The real shocker, though, is the centerpiece of the film -- the heist at the Collesium.

The Collesium, of course, is physically unchanged, but culturally its place in Los Angeles' daily life is astonishingly different now from what it was in 1968.

In 1968, the Collesium was an NFL stadium, home to a professional football team.

There is something truly surreal about watching a movie involving Jim Brown as a professional thief executing a heist from a football stadium, and it's particularly surreal when the stadium in question hosts a team that no longer exists. (The Los Angeles Rams; there may be a Rams team somewhere in the world, I don't care, the L.A. Rams are no more.) The only thing that would've made it more perfectly meta would be if the Rams had been playing the Cleveland Browns.

It's a B-Movie Time Machine, and if it isn't worth watching as movie (though I think it is) it's certainly worth watching for its view of a world now lost to the smoggy past.



1 comment:

Jonathan Andrew Sheen said...

I've never been to LA, so this comment takes a hell of a nerve, but I think you'll find another terrific '70s Private-Eye time machine in Hickey and Boggs starring I Spy's Robert Culp (who also directed, his only feature helming job) and Bill Cosby.

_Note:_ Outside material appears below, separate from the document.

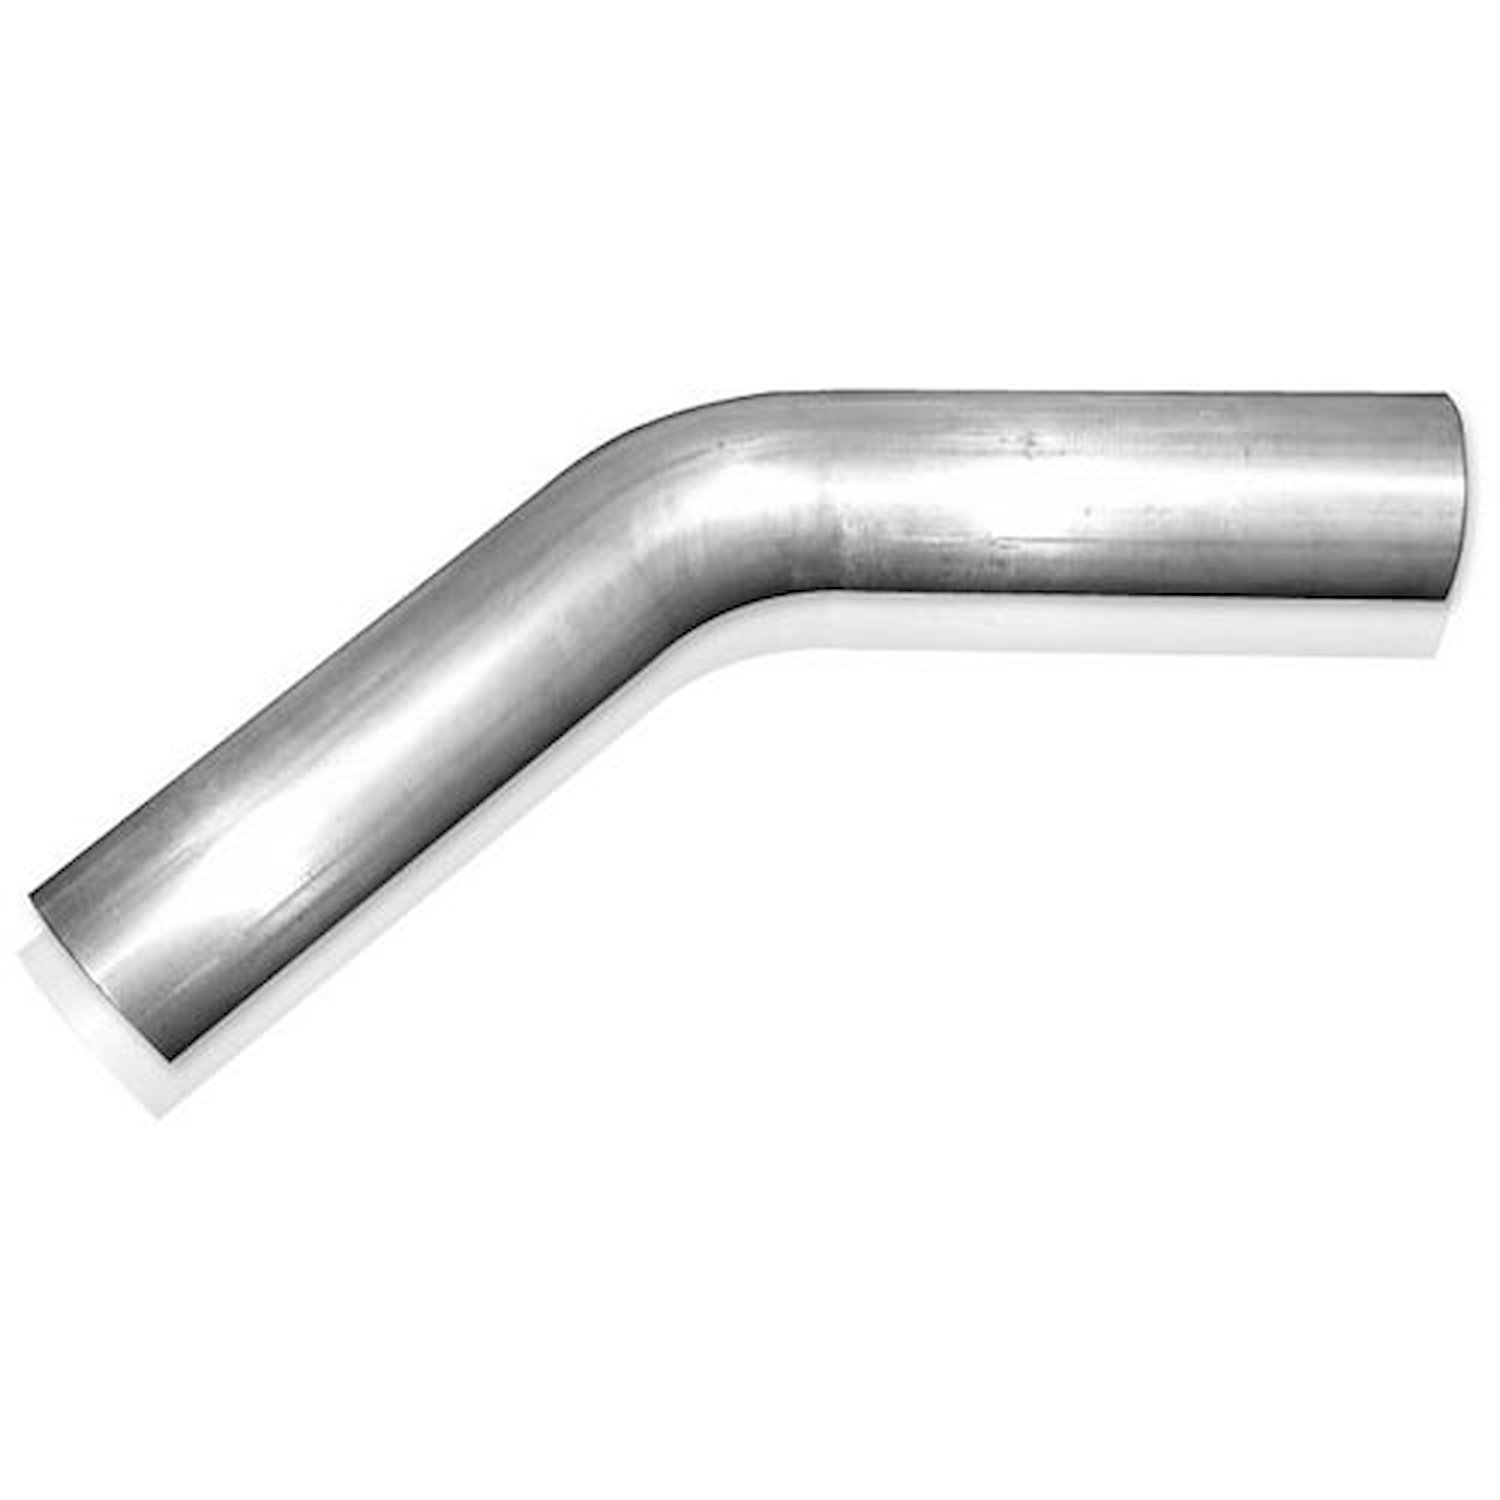 Stainless Steel 45° 3" Mandrel Bend
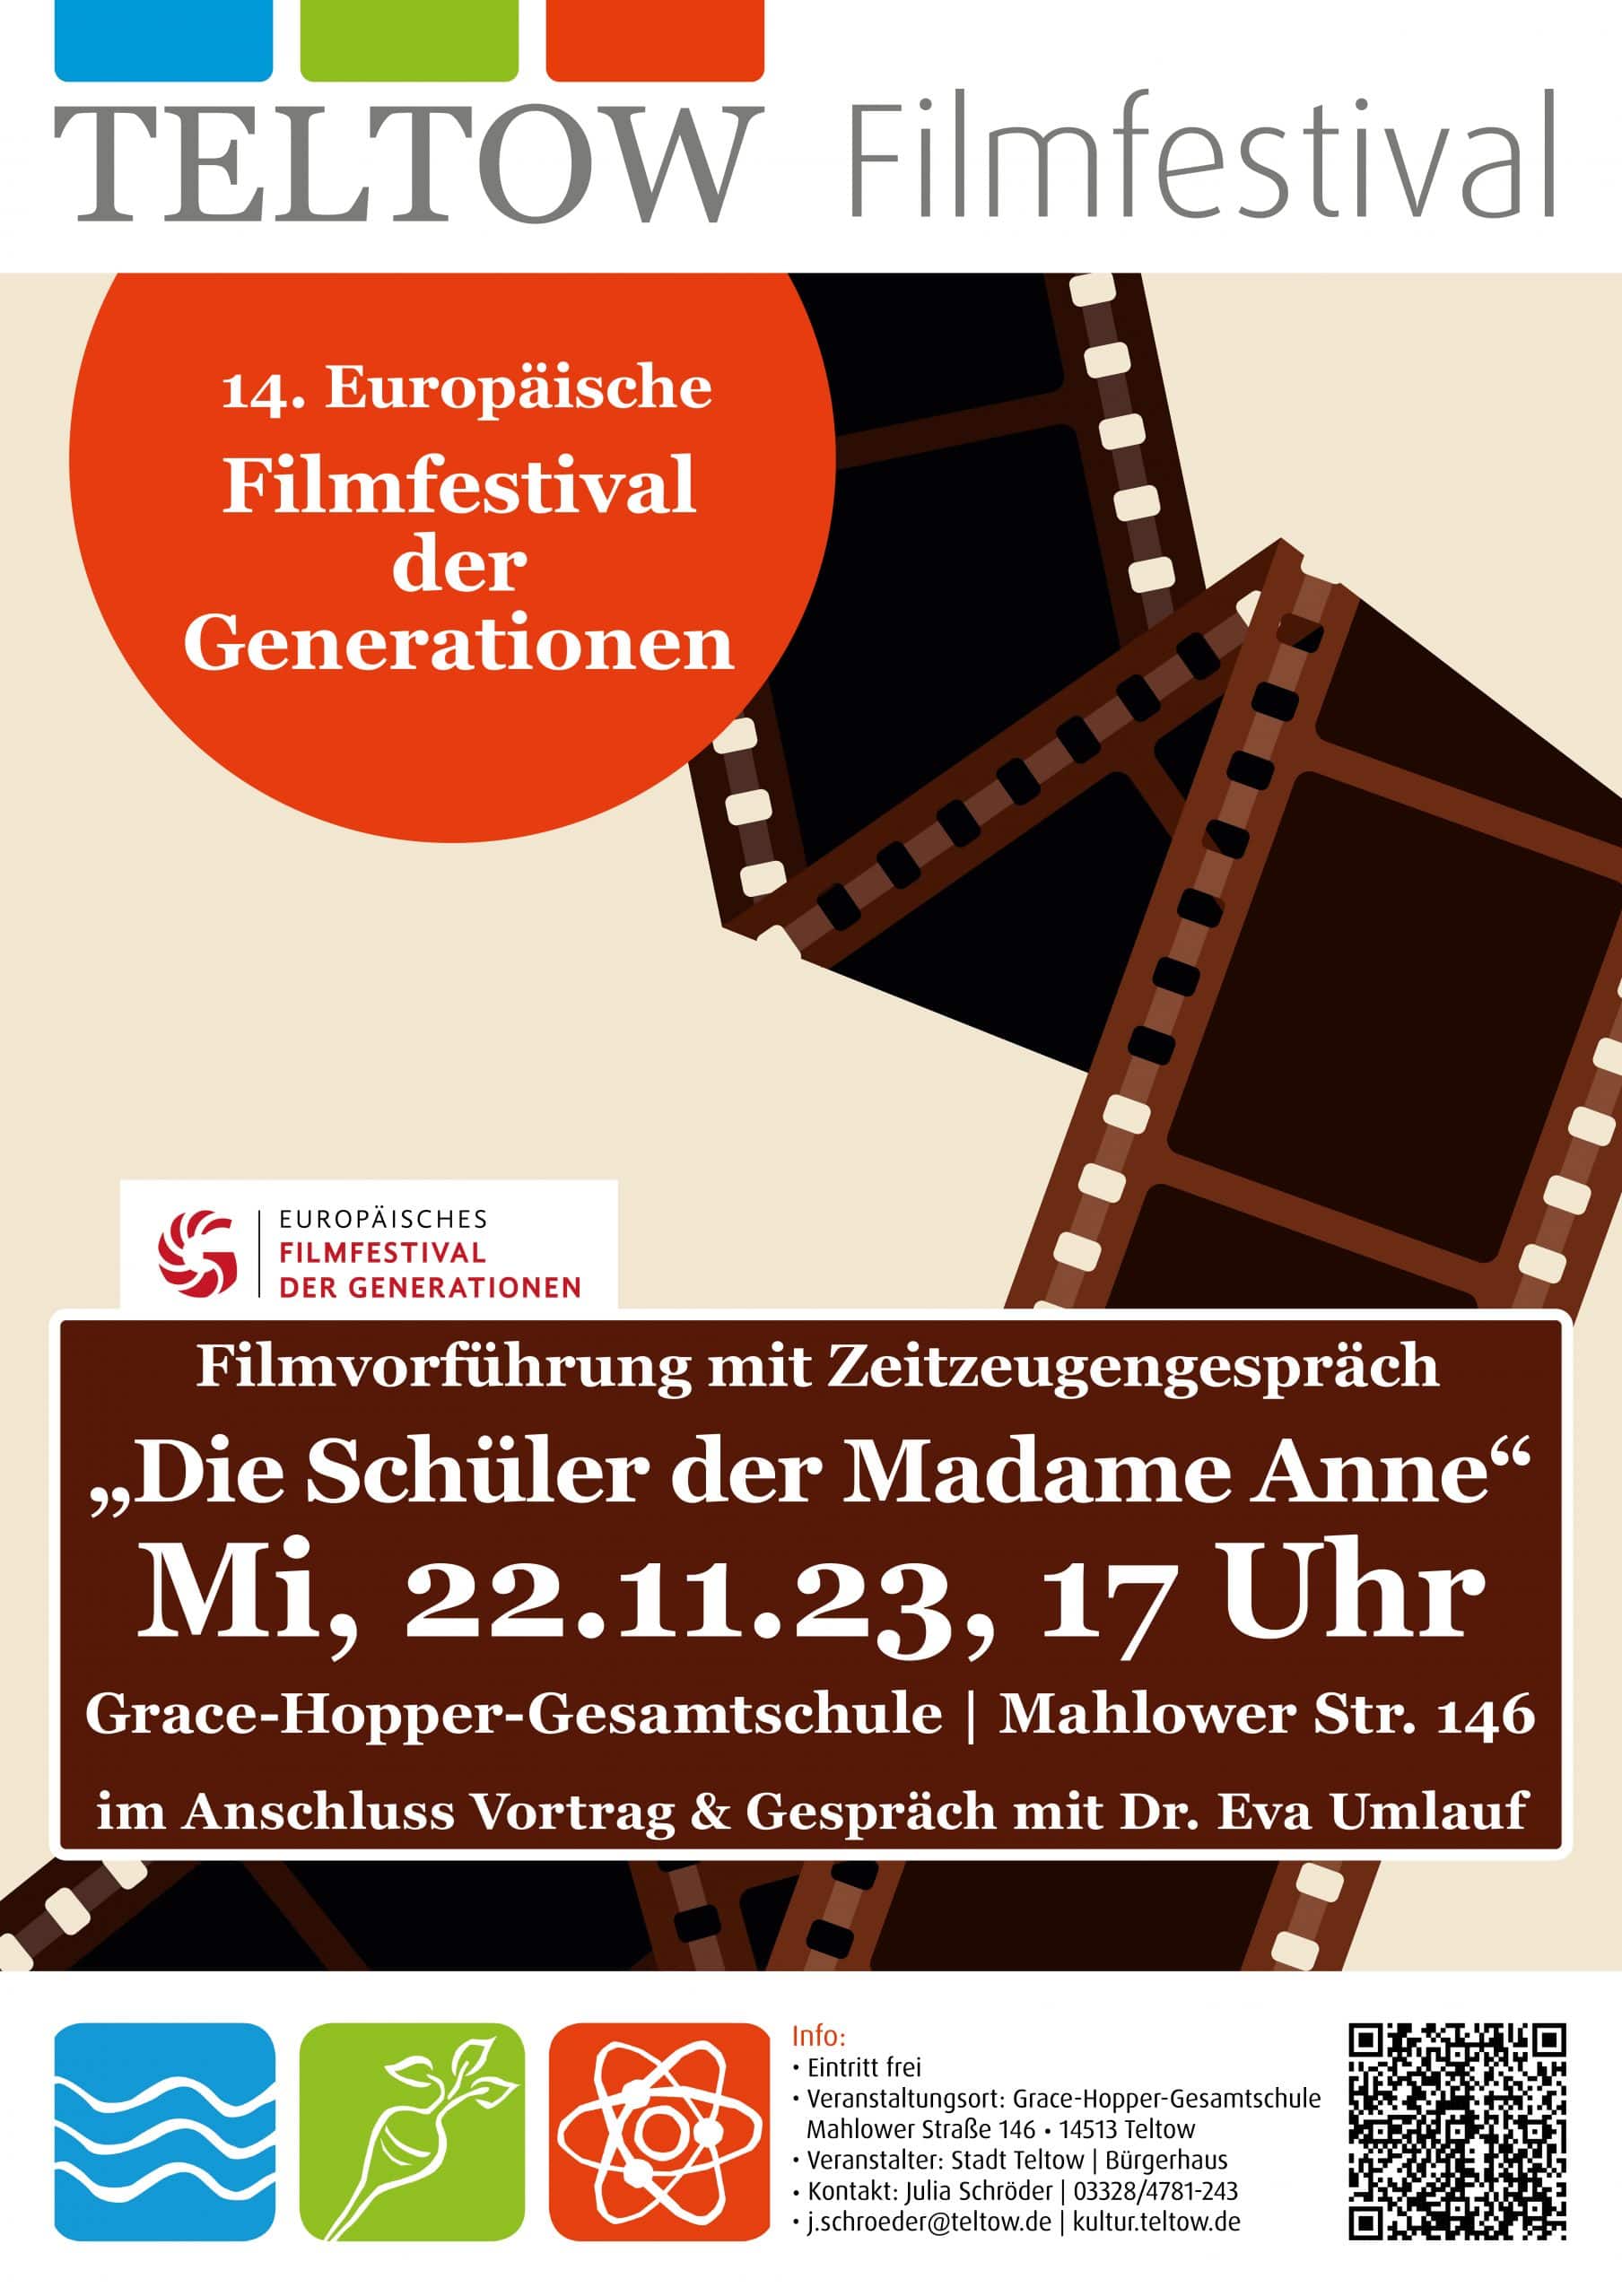 14. Europäisches Filmfestival der Generationen an der GHG

It's a terrific "fin de siecle" noir private eye flick, the sunset of the hardboiled Hollywood sleuth, but it also has one of the best jokes about 1970s LA life I've ever seen.

Early on in the movie, Boggs (Culp) visits a source of information in a fancy Hollywood mansion, with a gate with ornate brass lions flanking the walk. He's led through the house, and onto a back patio, where his host is reclining on a chaise lounge, perhaps six feet from where the ornate tile patio ends in a jagged line, dropping away to the sea. The source is squatting in a house abandoned because it's on a decaying cliffside.

Later, Cosby's "Hickey" has to go back and talk to the same source. He checks out with Boggs, and leaves, and we follow Boggs through another scene, then cut to a shot of Hickey, by the ornate brass lions, laughing and shaking his head. Behind him is a bulldozer, cleaning up not too much debris, and behind that, a jagged line of collapsed cliff: The cliff has marched inward, and the mansion has fallen into the sea.